China’s Xi Jinping’s pitch for moral world leadership has reached the point of surrealist absurdity.
His online speech to the World Economic Forum on Monday would have been fine if uttered by New Zealand’s Jacinda Ardern or some paragon of the West. Such implausible rhetoric from the mouth of the Wolf Warrior strongman crosses into parody.
It is hard for the Chinese leader to recapture the magic moment in 2017 when he swept into the sanctum sanctorum of globalist liberalism, cheered by star-struck delegates as the new champion of free trade and the guardian of the international order.
Everybody was shell-shocked by America’s retreat into bad-tempered isolationism. They were appalled by Donald Trump’s attacks on the global institutions, most of them created by Washington after the Second World War and managed with such success for 70 years.
“Pursuing protectionism is just like locking oneself in a dark room: wind and rain might be kept outside but so are light and air. China will keep its door wide open and not close it,” he told them.
China would not do as others and “bend the rules as they see fit”, or “walk away from their commitments”, or “blame globalisation for the chaos of our world”. The gullible loved it.

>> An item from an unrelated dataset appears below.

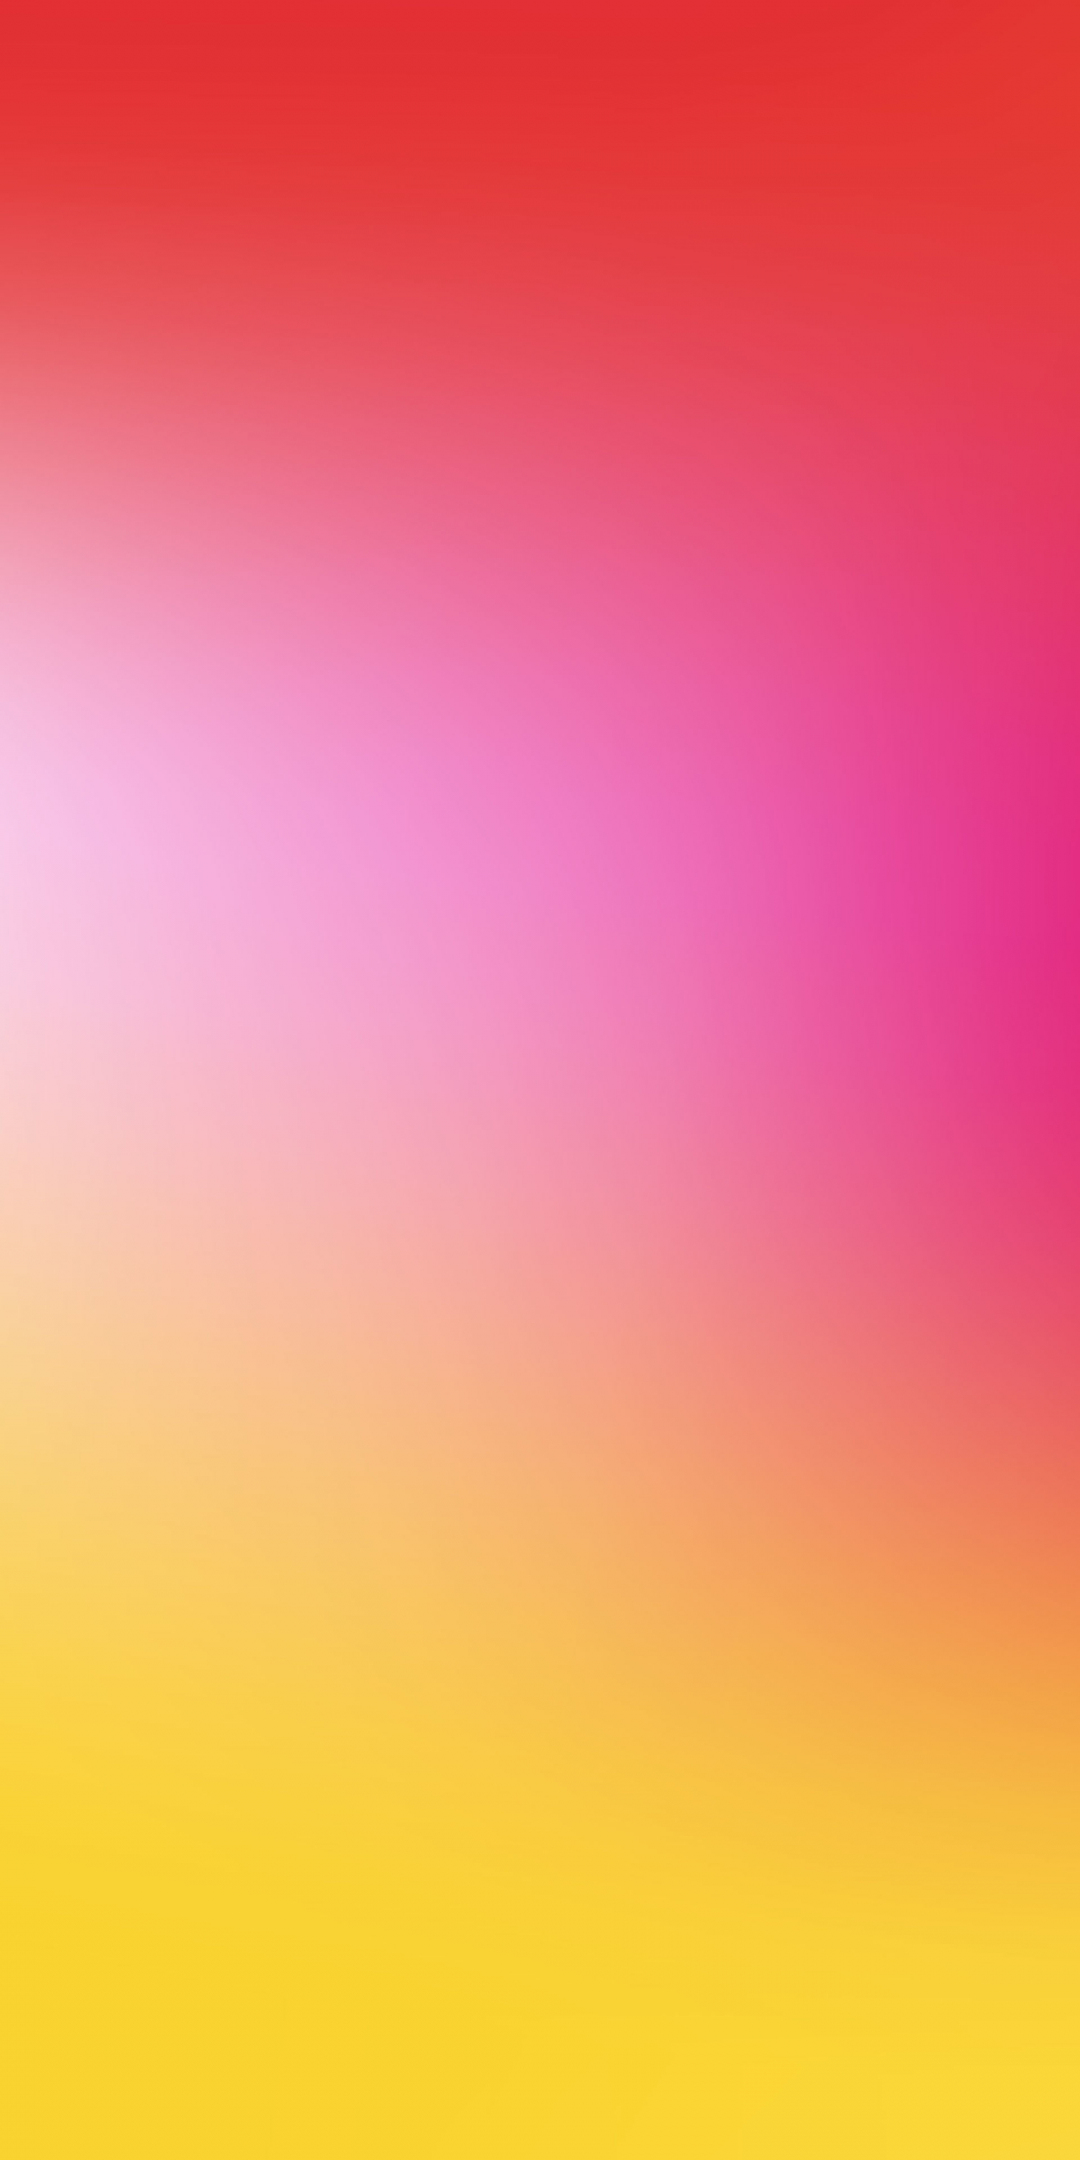 Gradient, yellow and pink colors, abstract, 1080x2160 wallpaper

The better-informed winced.
This time one can only imagine how Xi’s digital pieties are being received. His speech had all the usual catchphrases: “The strong should not bully the weak, or threaten and intimidate others.”
He extolled the UN Charter and pledged to be a “resolute champion of the international rule of law”, lest the world “falls back to the law of the jungle”. And, as always, China will strive to build a “beautiful world”.